His steady course amid the struggling tides,

Braves with broad sail the immeasurable sea,

Cleaves the dark air, and asks no star but thee!’

This is the true false gallop of the sublime. Yet steel is a very useful metal, and doubtless performs all these wonders. But it has not, among so many others, the virtue of amalgamating with the imagination. We might quote also his description of the spinning-jenny, which is pronounced by Dr. Aikin to be as ingenious a piece of mechanism as the object it describes; and, according to Lord Byron, this last is as well suited to the manufacture of verses as of cotton-twist without end.

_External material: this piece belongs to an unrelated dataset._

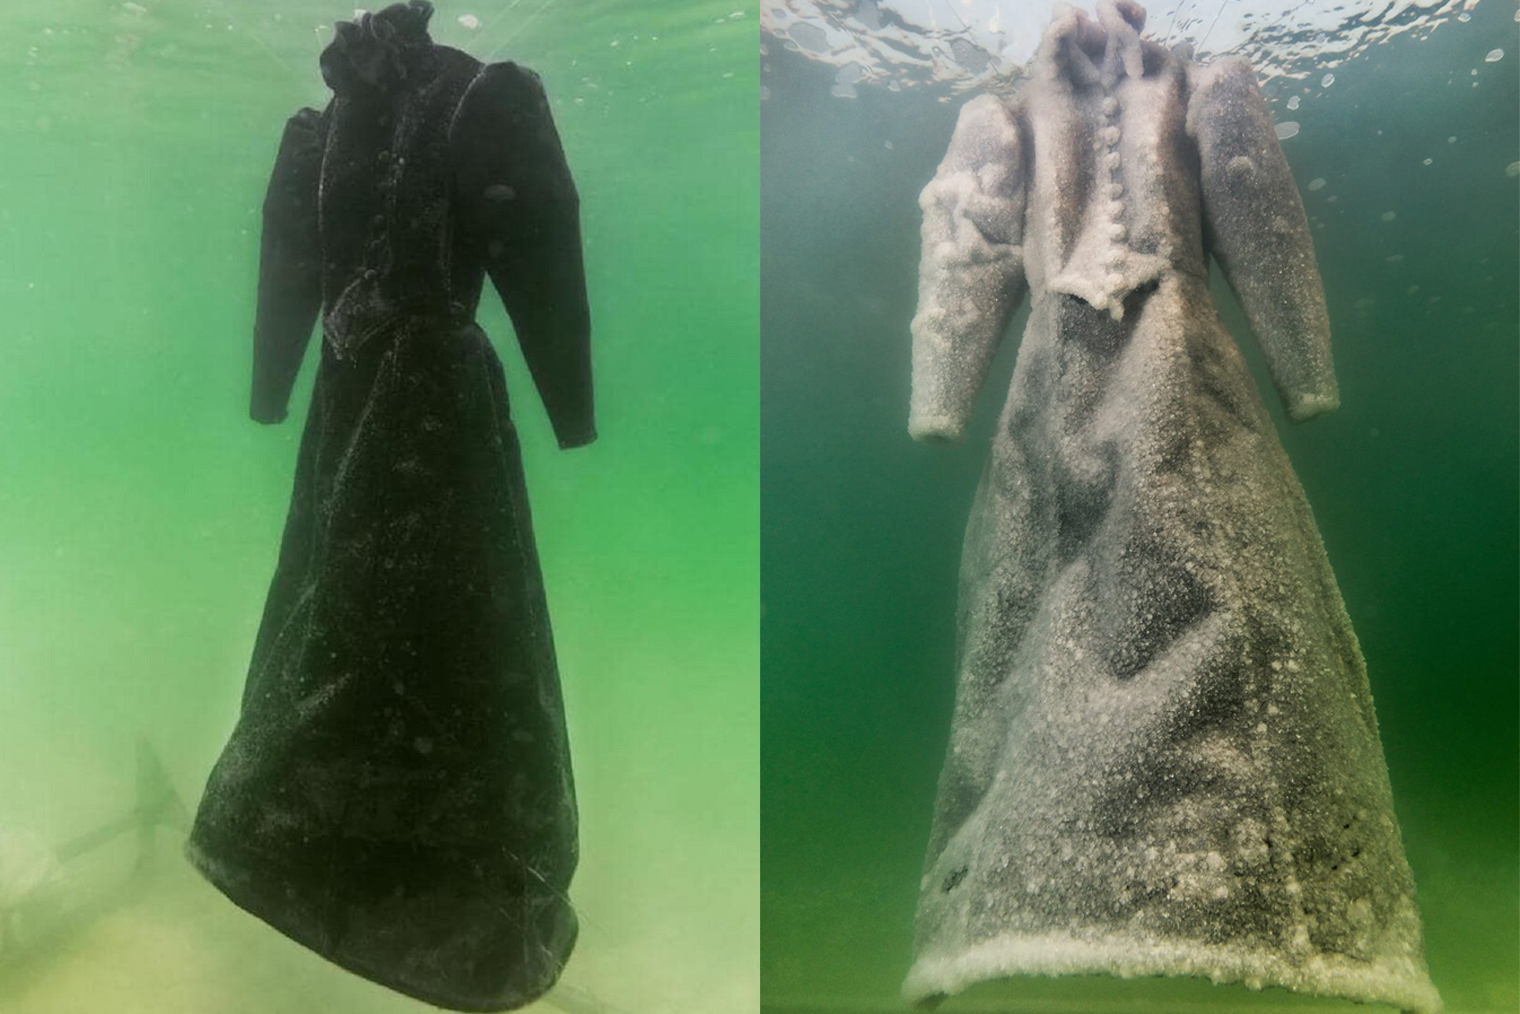 В 2014 году в Мертвое море погрузили длинное черное платье. Через два месяца оно превратилось в сверкающую кристаллическую скульптуру из соли. Источник: Sigalit Landau & Marlborough Contemporary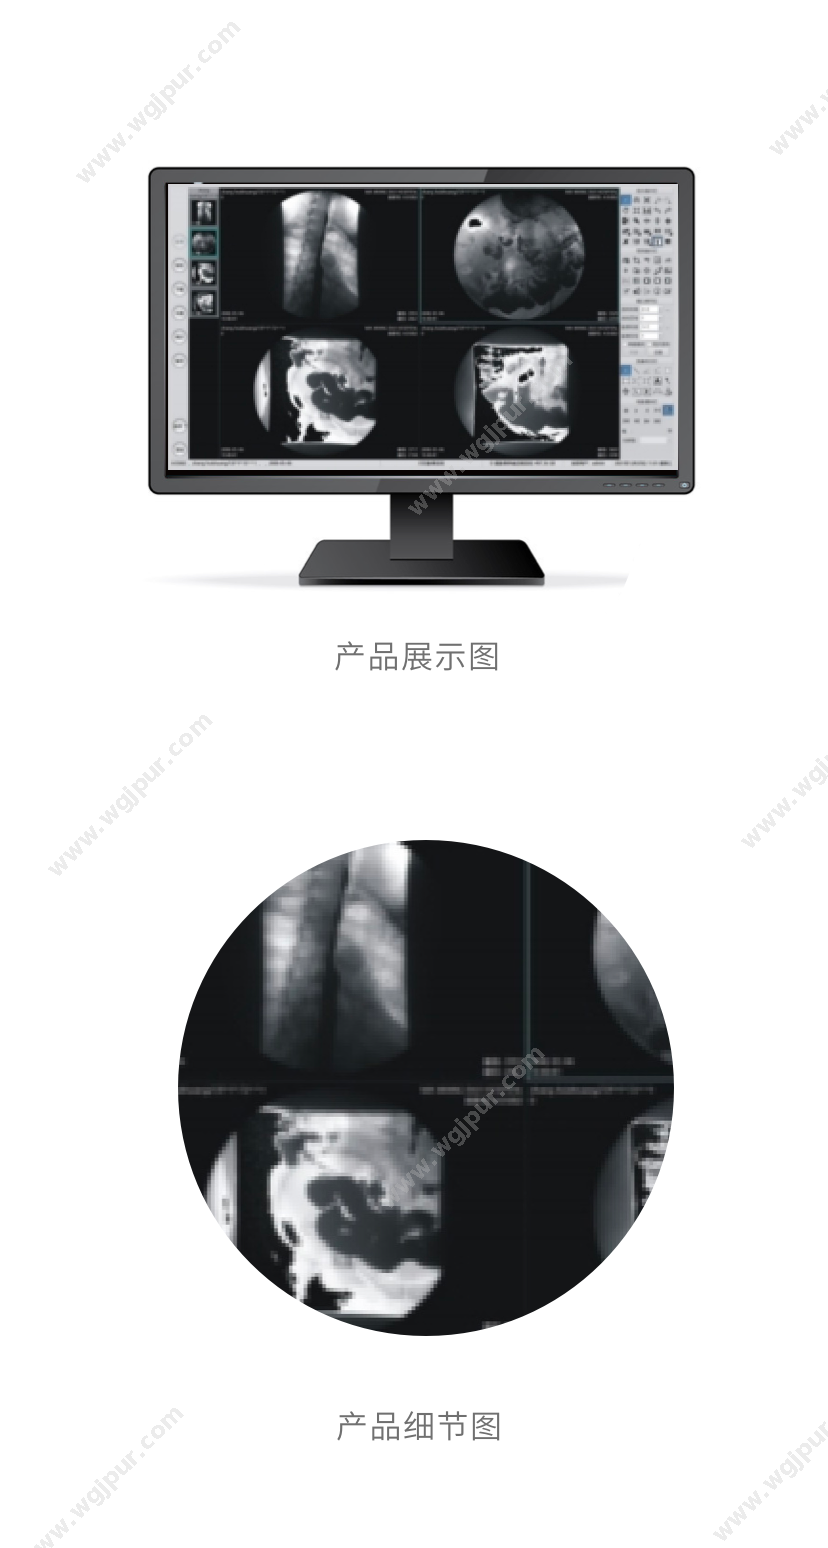 联晰医疗 LIANXI-PACS（软件+硬件） 放射影像

3. Natural interests are those which are real and inevitable, and are so far contradistinguished from the artificial, which are factitious and affected. If Lord Byron cannot understand the difference, he may find it explained by contrasting some of Chaucer’s characters and incidents with those in the Rape of the Lock, for instance. Custance floating in her boat on the wide sea, is different from Pope’s heroine,

‘Launched on the bosom of the silver Thames.’

Griselda’s loss of her children, one by one, of her all, does not belong to the same class of incidents, nor of subjects for poetry, as Belinda’s loss of her favourite curl. A sentiment that has rooted itself in the heart, and can only be torn from it with life, is not like the caprice of the moment—the putting on of paint and patches, or the pulling off a glove. The inbred character is not like a masquerade dress. There is a difference between the theatrical, and natural, which is important to the determination of the present question, and which has been overlooked by his Lordship. Mr. Bowles, however, formally insists (and with the best right in the world) on the distinction between passion and manners. But he agrees with Lord Byron, that the Epistle to Abelard is the height of the pathetic.